Dear Penrod Reader,

A few comments before we begin.  What follows is not of interest to everyone.

If you are a local congregant, happy with your weekly worship at Shepherd’s Grove and unconcerned about other matters, this is not for you.  You should continue to be blessed with your fellowship and the quiet enjoyment of the services.

If you are a Penrod reader from somewhere else and you come to this site to learn about this ministry, this is an editorial. Which means it is clearly labeled as opinion, mine.  Should you read things here that concern you, I would encourage you to read – carefully – what others write and form your own opinions.

There is nothing here that I am writing because I feel the need to say mean things. To the contrary I’ve invested my time in this because I care deeply about the legacy of this beloved ministry and I would like to see it succeed.


      Jim Kirkland


Part Two

I only met Bobby Schuller personally last year.  I’ve watched him grow and mature since he was born, but I saw him as “another Schuller,”  aloof; distant; too busy with more important things to know most people in the local congregation. I was wrong.

One of my friends told me “Bobby would like you to know him for who he is, not just as a Schuller.”  We spent time together, and I came away very impressed.  The Bobby I met was open, caring, energetic, friendly – all the things I wanted him to be.  At that time there were a number of people still going through a healing process and I think he helped us get past that, so we could move on.

At the same time Bobby was going through a time of change, too.  He had been serving CCM as a volunteer and leading Tree of Life as Pastor with minimal compensation – no regular paycheck from either ministry.  Suddenly, he started showing up with new ties, then new suits, and before long a new car and a paycheck.  All from one influential donor.

Quickly Bobby changed, becoming the person I had first envisioned.  I became someone who was only useful to him and his ministry if I agreed with everything he and his donor said and did.  Most of my emails went unanswered. The only time I hear from  him now is  when he wants to tell me how much I am “hurting” the ministry by asking questions and letting people know what is going on.

What happened?  Bobby surrounded himself with a small inner circle of people who tell him how great he is. This, and the money went to his head!  It is painful for those of us who care to watch.

Several people who work with him regularly put it this way – “He doesn’t know what he doesn’t know.”

I don’t talk to everyone in the congregation, but the people I know all say the same thing – Bobby has changed, and no one likes what they see.  This includes Board members – even people close to the donor.

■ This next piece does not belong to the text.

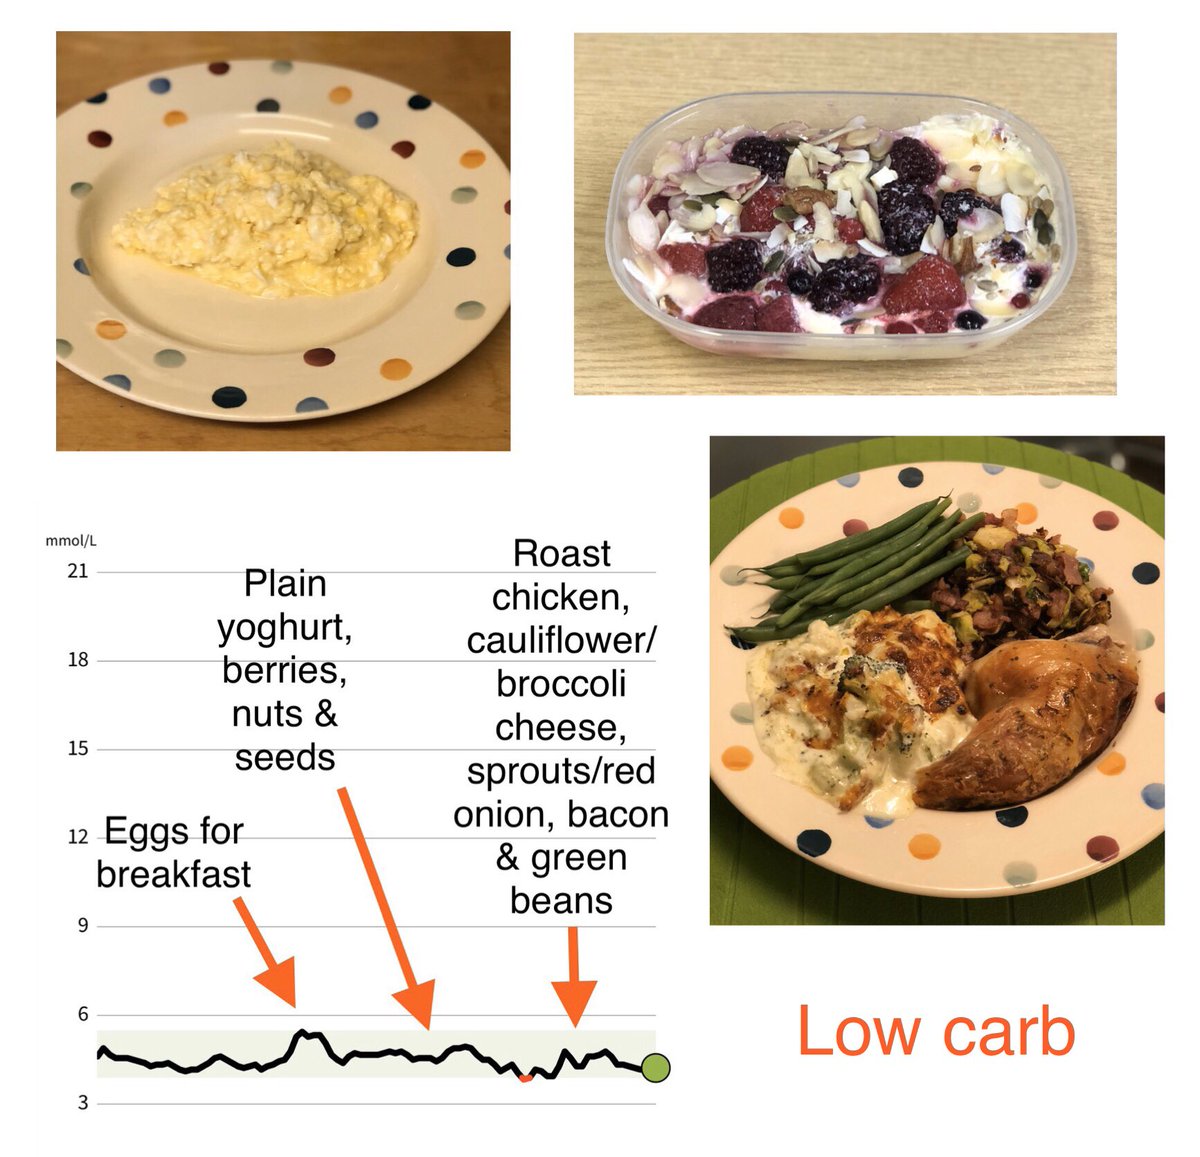 I enjoy eating low carb food & I feel much healthier both physically and mentally. This was yesterday’s stable blood glucose levels with low carb food. I had eaten high carb the day before so I woke hungry but only had time for eggs but they kept me going all morning.  #lchf
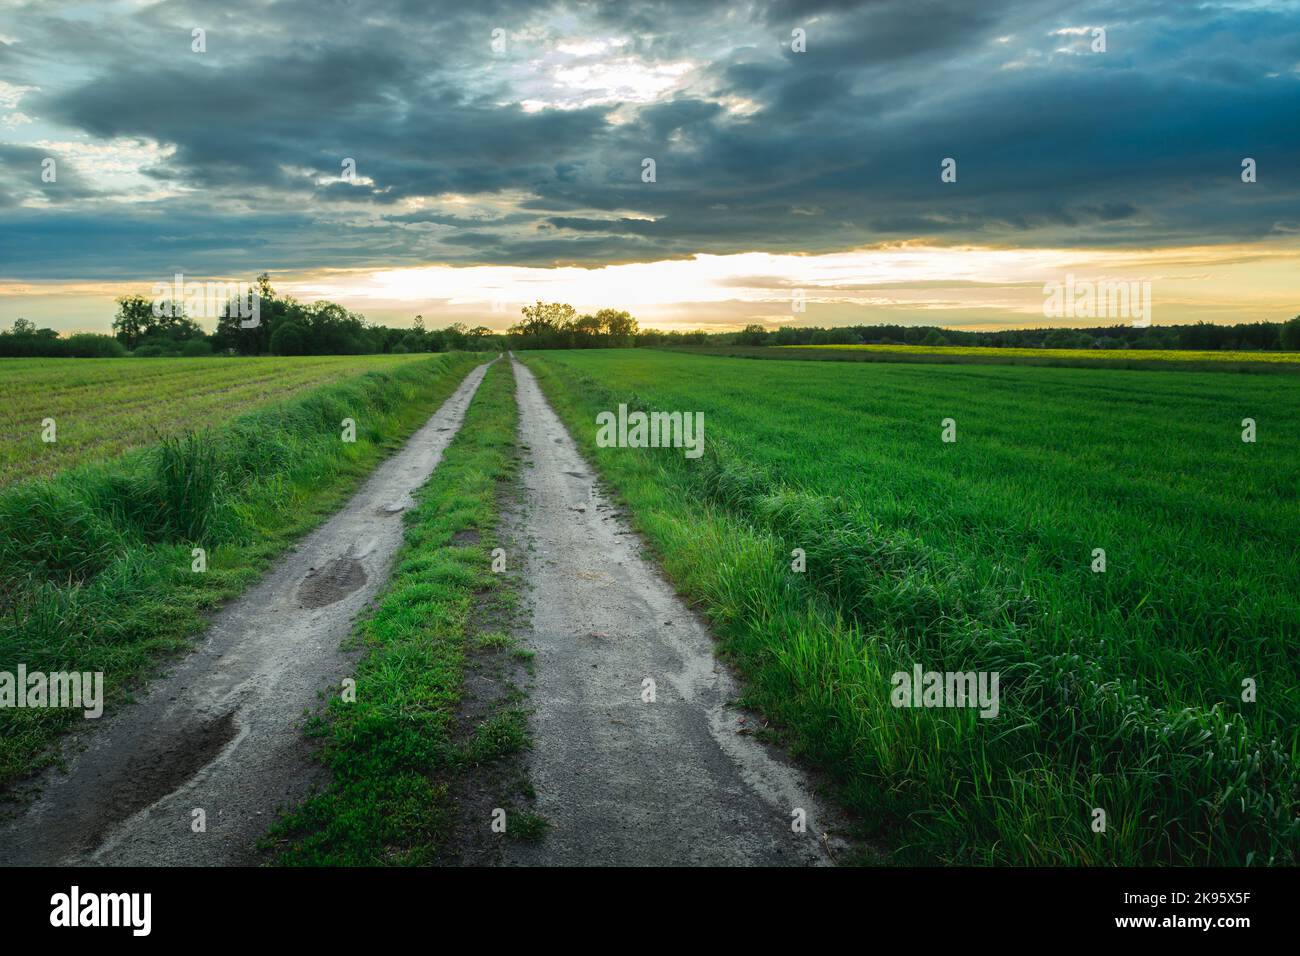 Long dirt road through fields and evening clouds on the sky Stock Photo

Everyone agrees that there’s a solution. Bobby needs a mentor – badly.  He’s young and he has immense potential, but I (and many others) fear that he is on a dangerous path, guided by people who have their own self-interest replacing good judgment.  He can’t grow into the role he deserves without help.  The same help that made his grandfather what he became.

I need to pause here and point out that this is only partially Bobby’s fault.  Let’s put ourselves in his shoes for a moment.  What would you do if you went to a staff gathering and one of your esteemed leaders stands up in front of the group and asks everyone to applaud Bobby for “saving the ministry”?  I’m sure Bobby was appalled – what could he do?  Then his donor regularly disrupts the monthly Friday meetings with her “I see Jesus in your eyes” rants, embarrassing everyone.  What is he to do?  That’s his paycheck talking!

I’ll go a step further.  If we sit back and do nothing, we’re responsible, too.  Bobby is worth our support, and we’re not helping him if we let this continue.

Let’s all follow Bobby’s own teaching from this week’s message – always be true to your conscience!

Bobby, if you follow this advice, everything will be fine.